WHO WERE THE HUGUENOTS?

In the history of the Reformation, no story is more moving and humbling than that of the martyr churches of France. For nearly three centuries, the Huguenots earned the title of the suffering saints of Europe. Led by exiled John Calvin from Geneva, they bravely proclaimed the true Gospel of Christ. In 1559, the first National Synod held in Paris adopted a Reformed Confession of Faith and Church Order. By 1561, there were about 2,000 Reformed churches in France. Faithful preaching was accompanied by fervent psalm singing. Versified by Clément Marot and Theodore de Bèz (Beza), the Psalms were sung to tunes by Matthias Greiter, Louis Bourgeois and others. Most famous of all was Greiter’s setting of Psalm 68, which became the Huguenot battle-hymn. It was a constant source of inspiration during terrible persecution.

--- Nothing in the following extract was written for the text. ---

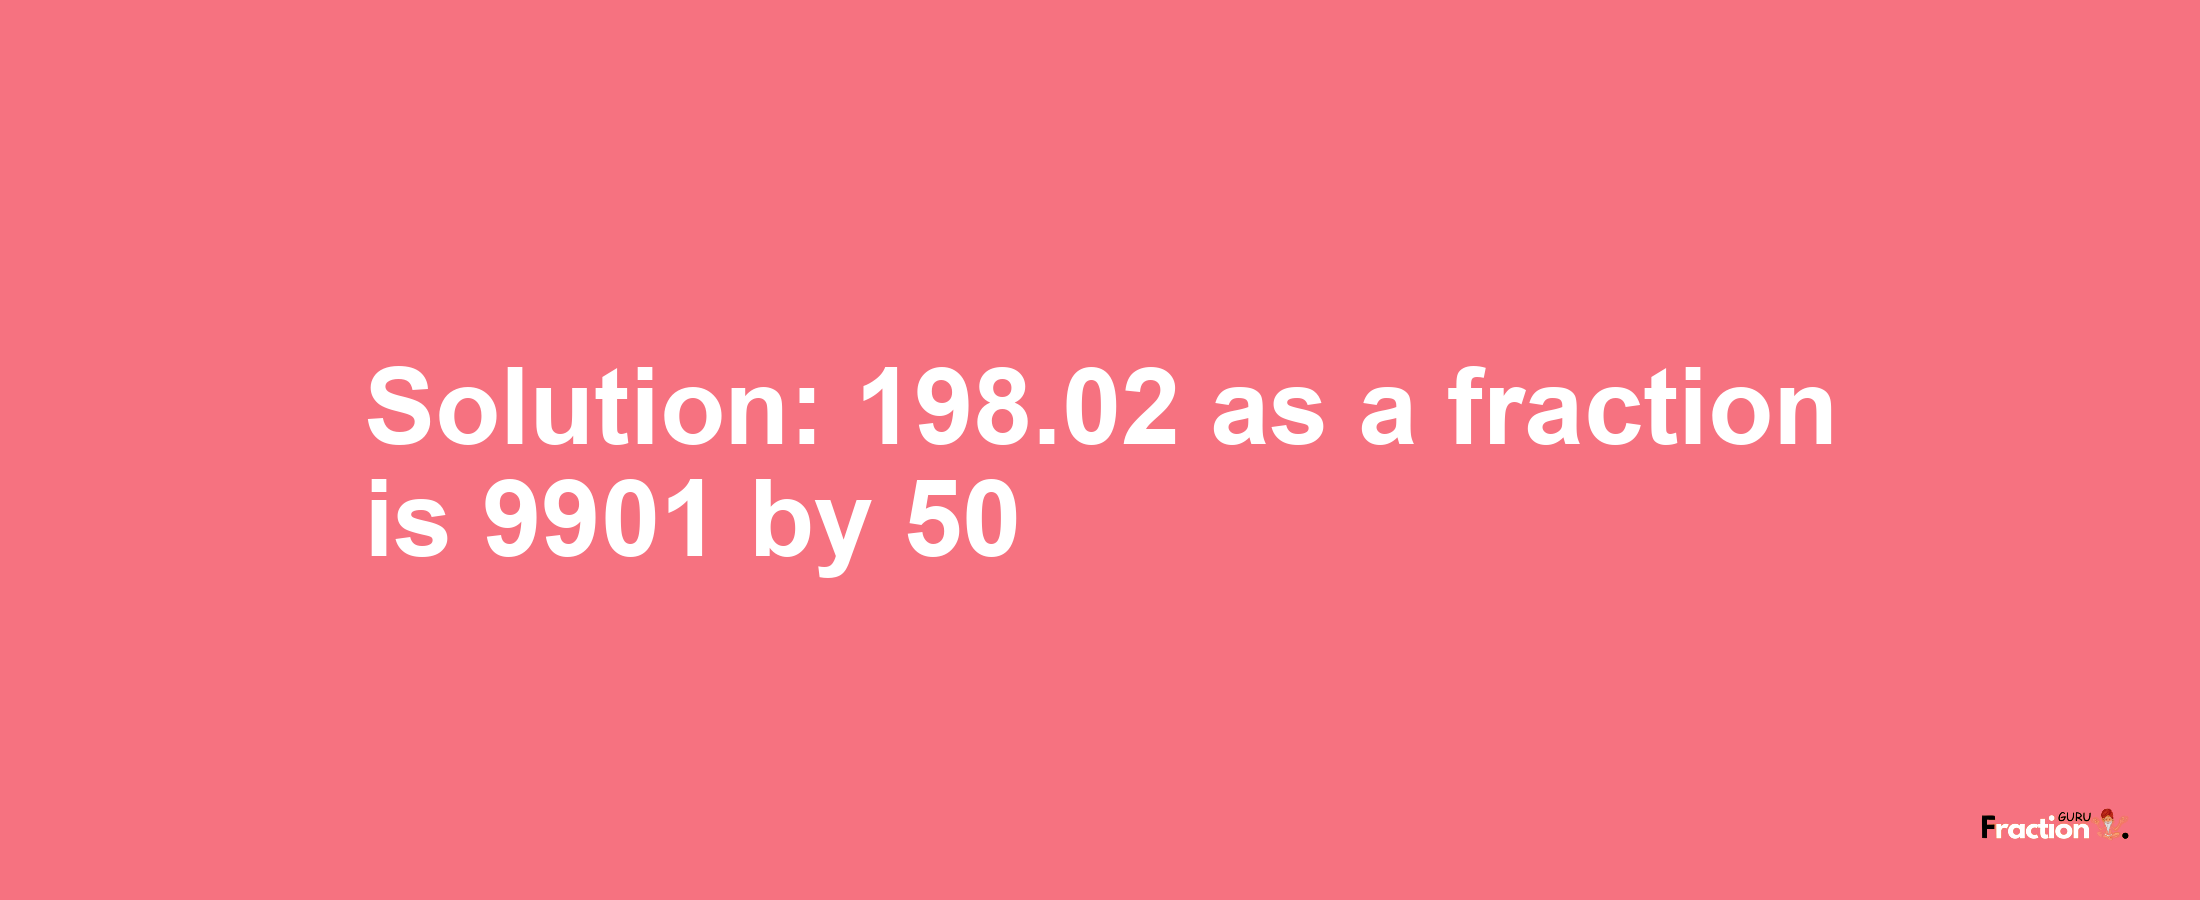 Solution:198.02 as a fraction is 9901/50

ST BARTHOLOMEW DAY MASSACRE

During the appalling St Bartholomew massacre of 24 August 1572, many thousands of Huguenots perished throughout France including their godly leader, admiral Gaspard de Coligny. King Henri IV’s Edict of Nantes (1598) provided a fragile and frequently violated peace. Directed by the Jesuits, the Roman Church pursued a cruel policy of extermination. The Edict of Nantes was revoked by King Louis XIV in 1685. Huguenot temples were demolished and the flocks scattered. The faithful worshipped in woods, caves and other remote places; their assemblies were known as the ‘churches of the desert’. Those captured by the dragoons were punished. Pastors were either hanged or sent to the galleys. Women were sent to prison and the children educated in Jesuit schools. Many emigrated to Holland, Germany, Great Britain and elsewhere. The sufferings of those who remained provoked the heroic yet tragic Camisard war in the Cévennes (1702-4). But God did not forsake His people. Under the inspired leadership of Antoine Court and Paul Rabaut, there was a revival of the Reformed Churches during the eighteenth century.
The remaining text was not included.